### [EXERCISE INSTRUCTIONS]
Write out the data exactly as given, dropping every picture.

### [INFORMATION SUPPLIED]
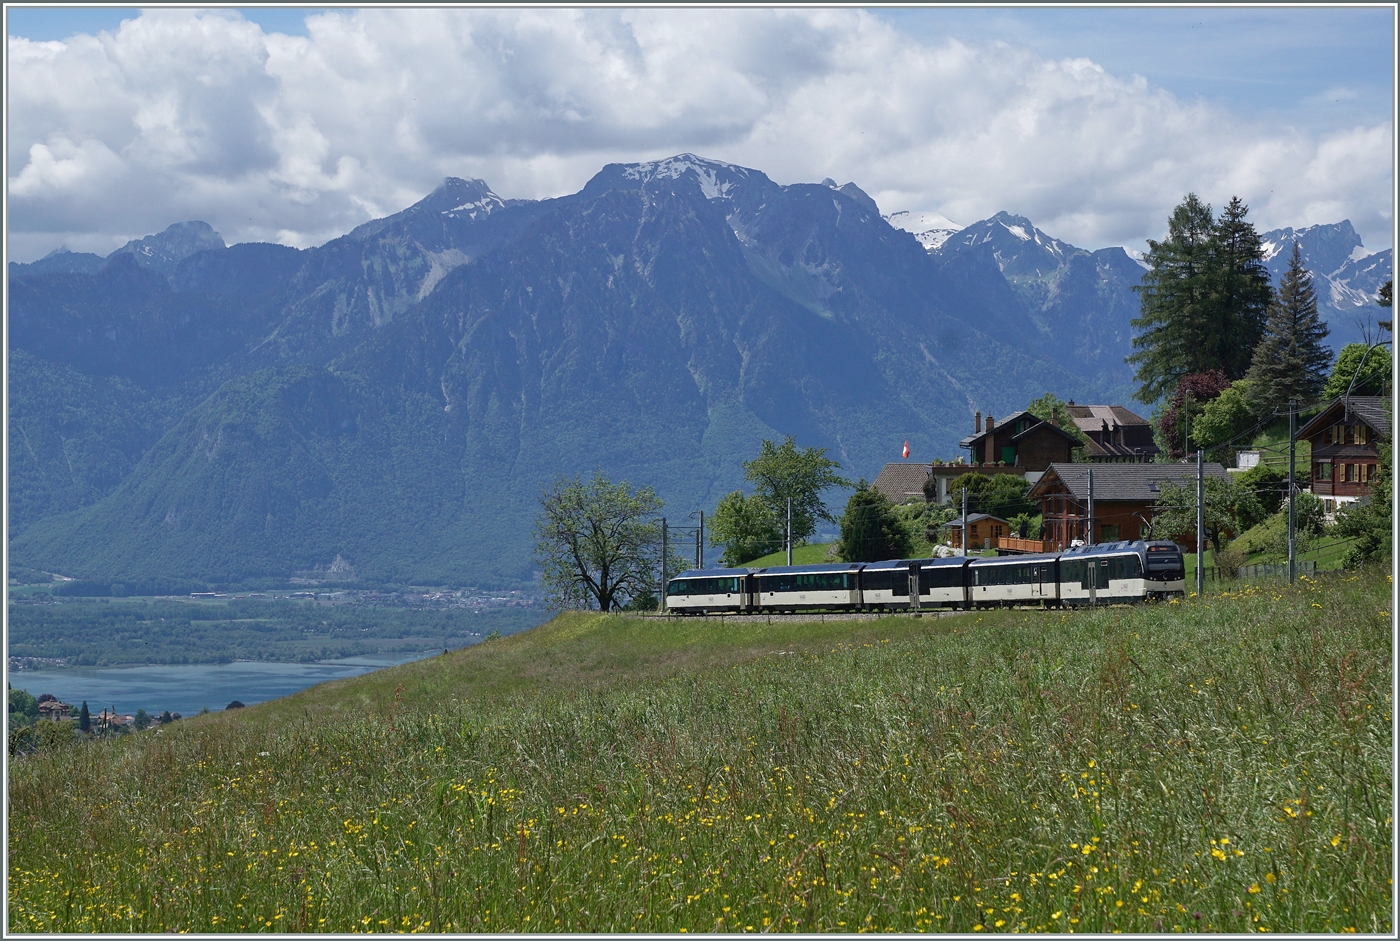 Bei Les Avant schiebt ein MOB Be 4/4  Alpina  ihren Regionalzug Zweisimmen - Montreux in Richtung Genfersee, welcher im linken Bildteil zu erkennen ist.

28. Mai 2024
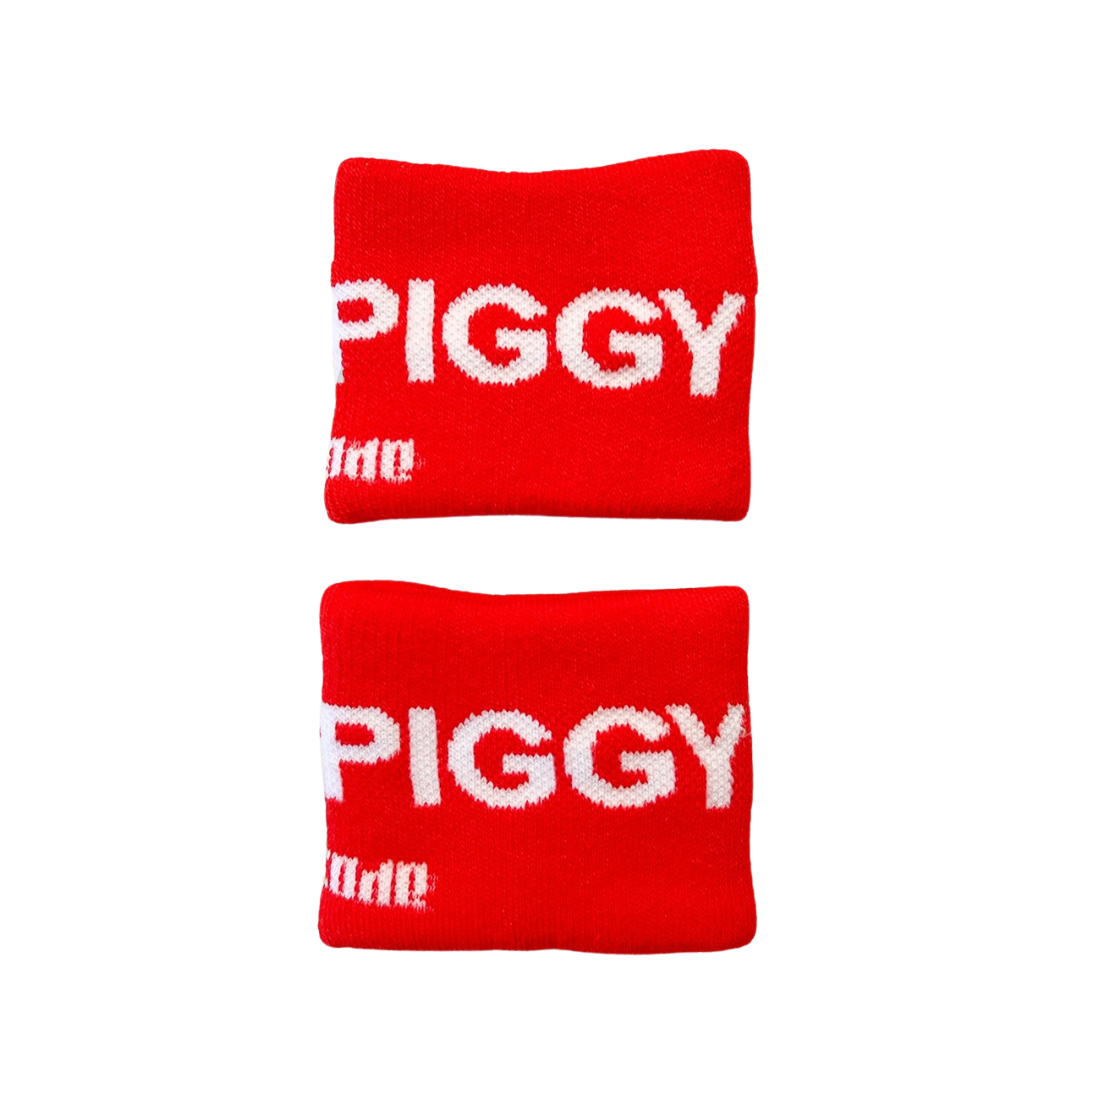 2 'Piggy Identity' Polsbandjes ontworpen door Barcode. Perfect voor gay mannen en te koop bij Flavourez.
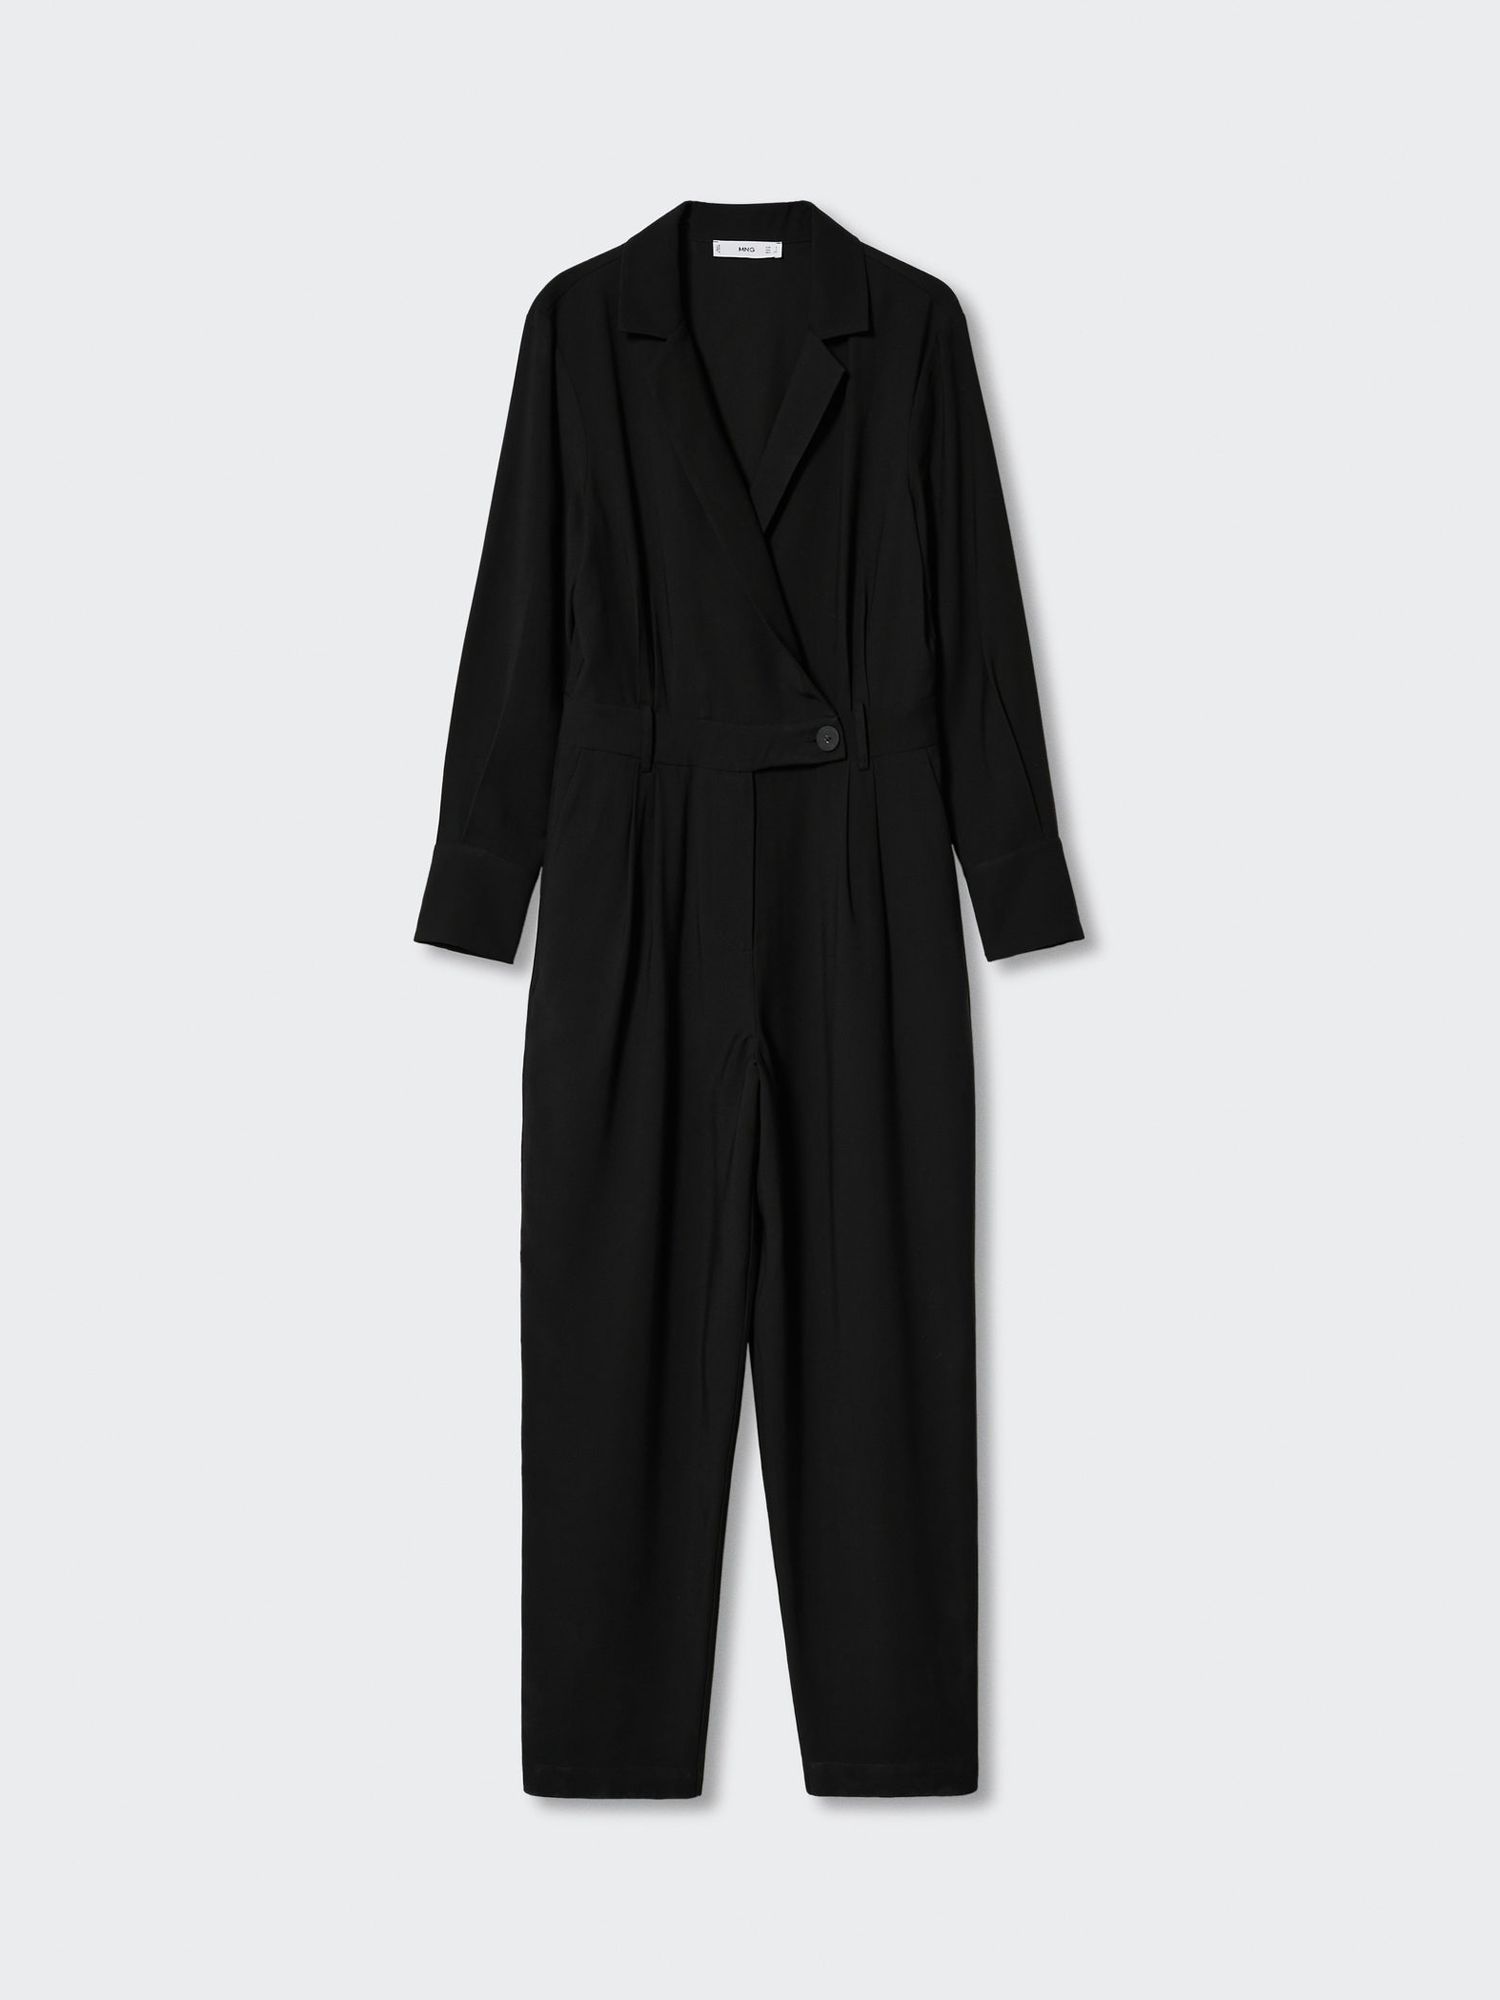 Mango Suit-Style Jumpsuit, Black at John Lewis & Partners

### [SOLUTION TO THIS EXERCISE]
 Bei Les Avant schiebt ein MOB Be 4/4  Alpina  ihren Regionalzug Zweisimmen - Montreux in Richtung Genfersee, welcher im linken Bildteil zu erkennen ist.

28. Mai 2024
 2 'Piggy Identity' Polsbandjes ontworpen door Barcode. Perfect voor gay mannen en te koop bij Flavourez.
 Mango Suit-Style Jumpsuit, Black at John Lewis & Partners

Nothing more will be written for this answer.